If the opposing party has breached the contract, you are within every right to terminate the contract altogether. However, this right is lost if you fail to alert the opposing party of your intention to terminate or take further action. It is perfectly normal for you to take some time to decide the best course of action, but be careful not to take too long – there comes a point where inaction can be construed as a decision to ‘affirm’ the contract. While explicit termination leaves little doubt as to your intentions, inaction does tend to blur the lines in the eyes of judges. If you become aware of the breach, speak to a commercial dispute resolution lawyer about the best way to proceed as soon as you can.
They may be an expert in their field, but without proper training, staff who aren’t typically customer-facing can find themselves struggling to deal with frustrated customer due to their lack of training in complaints handling. Negative feedback is rarely well-received, but by developing a complaint handling process and providing the necessary training, you create a standardised procedure for which all your employees can operate from to improve customer satisfaction and minimise the risk of conflict. At the same time, it’s imperative to recognise when a customer is taking advantage of good will and to know when to step in to protect your employee and preserve peace between your business and the client.

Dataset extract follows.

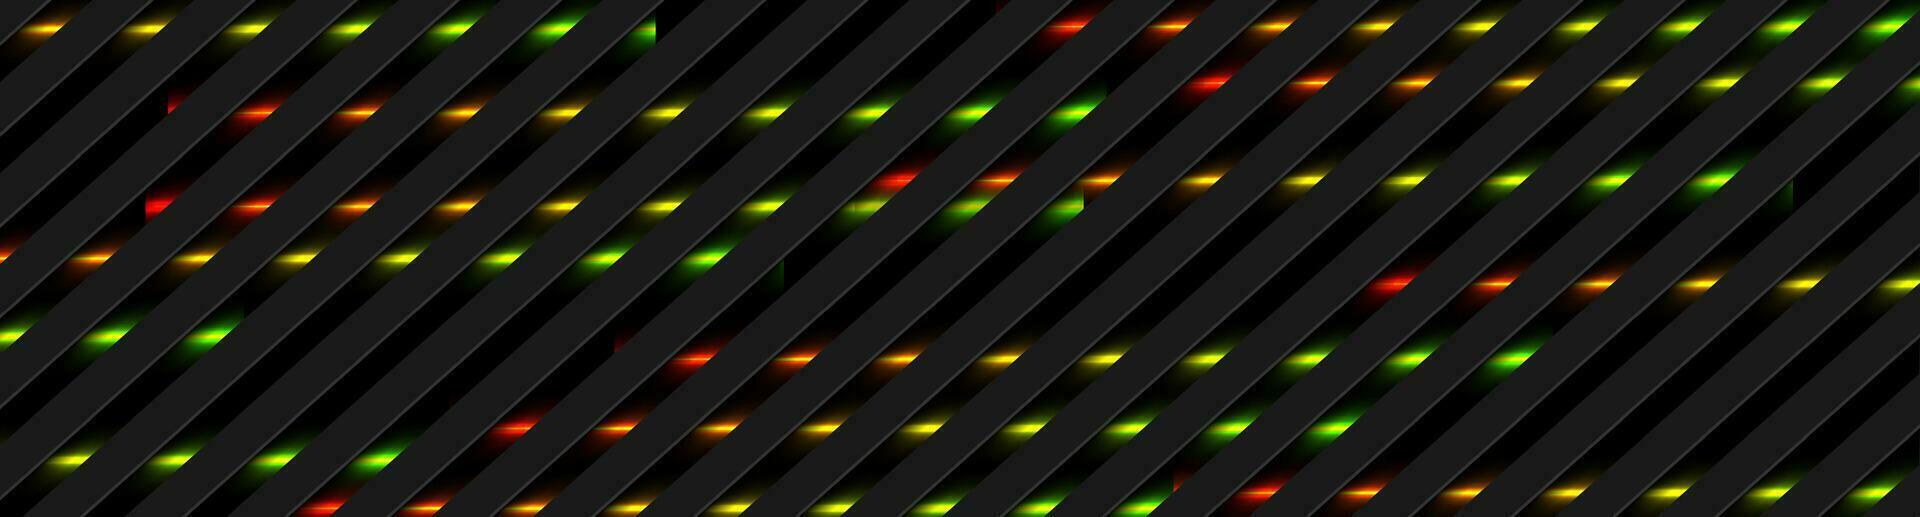 abstrait noir rayures avec vert rouge néon embrasé lumière vecteur

Reducing the risk of conflict requires a proactive approach from business leaders. For example, if an angry customer isn’t backing down, don’t ignore the signs. Instead, acknowledge the problem and try to find ways to rectify the issue before the matter escalates any further. In most cases, what someone puts in an email will be very different to how they act when speaking face to face or on a call. Misunderstandings happen, and they can usually be resolved if you get on top of them before they evolve into something bigger. Simply picking up the phone to the aggrieved party to empathise with their frustrations and find a way forward can make all the difference in avoiding a costly legal dispute.
Don’t leave it until the dispute has escalated to get a lawyer involved. The moment matters start to become complicated or a disagreement is showing no signs of resolution, seek advice from a commercial solicitor. They should be well-equipped to provide you with a bespoke roadmap for resolution, along with expert advice to minimise the risk of future disputes.